**The problem**
All entries are to be transcribed exactly. Pictures are not part of the copy.

**Collected data**
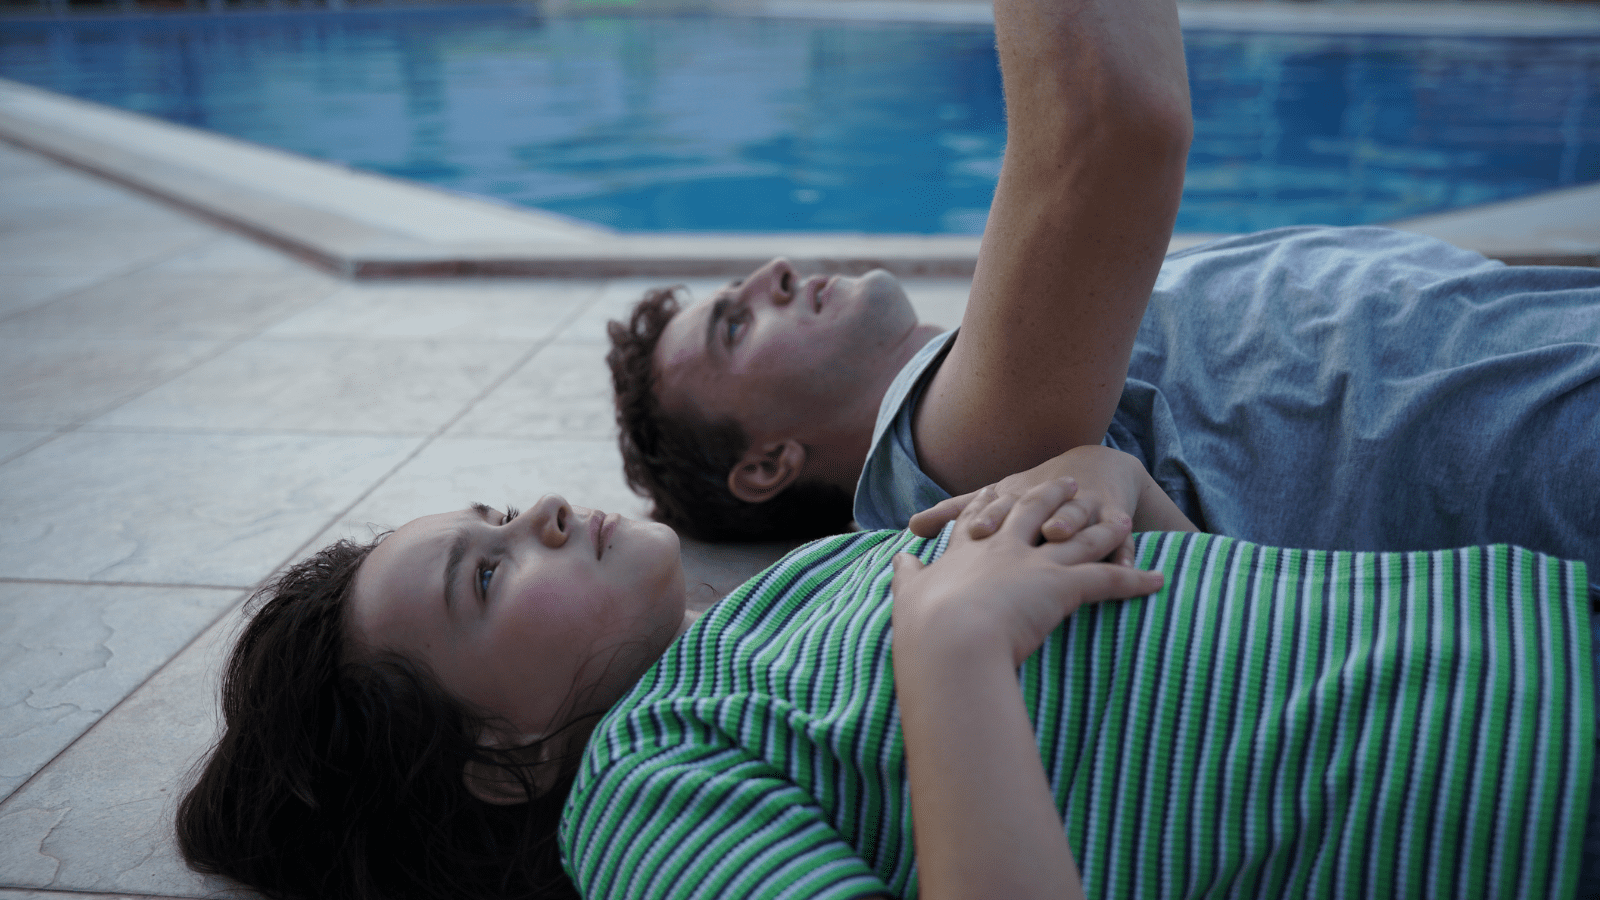 A still from Aftersun - a young girl in a green striped t-shirt lies on the tiled floor surrounding a pool next to an older man in a blue shirt.
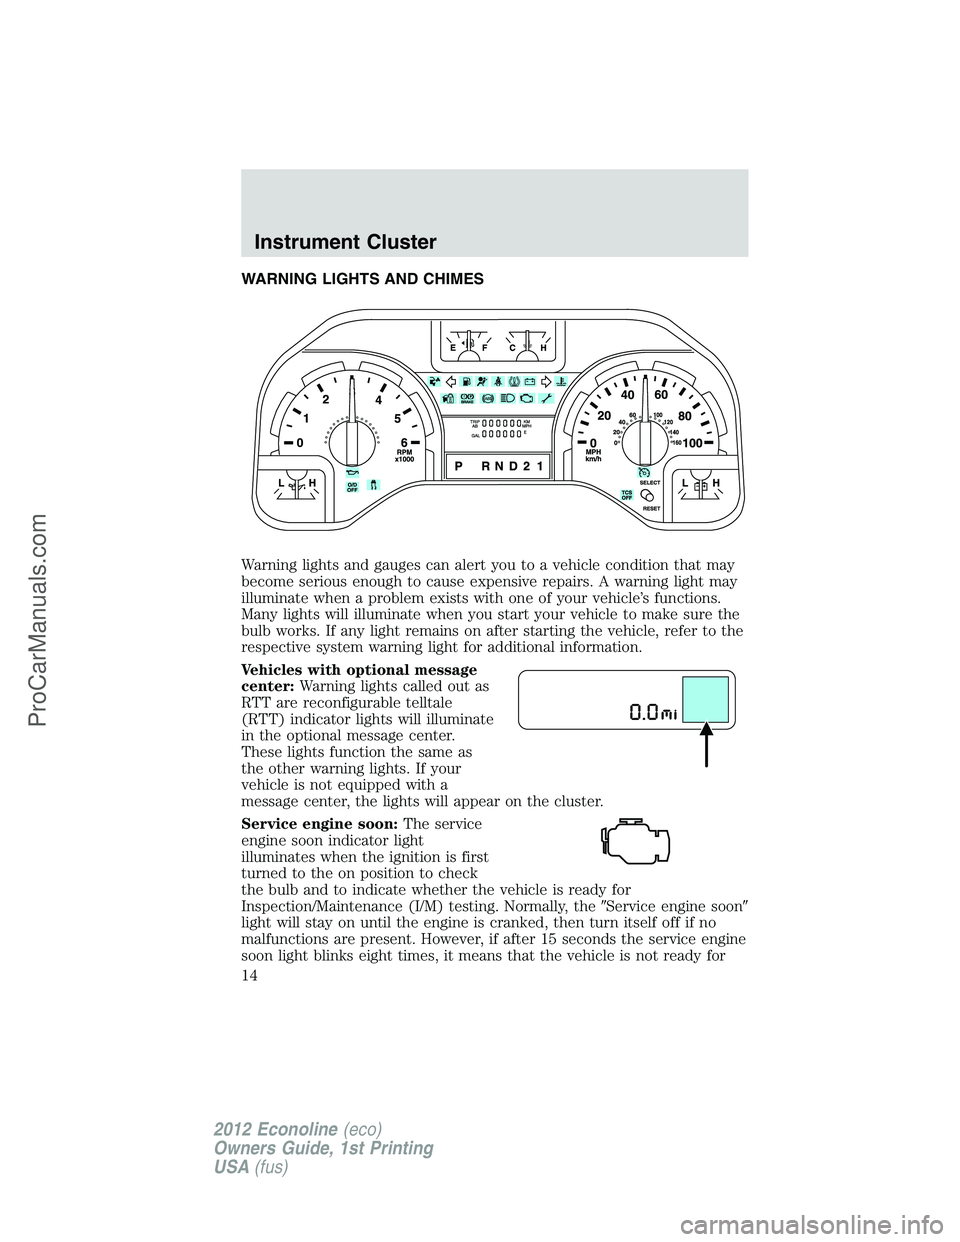 FORD E-250 2012  Owners Manual WARNING LIGHTS AND CHIMES
Warning lights and gauges can alert you to a vehicle condition that may
become serious enough to cause expensive repairs. A warning light may
illuminate when a problem exists

**Answer section**
 A still from Aftersun - a young girl in a green striped t-shirt lies on the tiled floor surrounding a pool next to an older man in a blue shirt.
 FORD E-250 2012  Owners Manual WARNING LIGHTS AND CHIMES
Warning lights and gauges can alert you to a vehicle condition that may
become serious enough to cause expensive repairs. A warning light may
illuminate when a problem exists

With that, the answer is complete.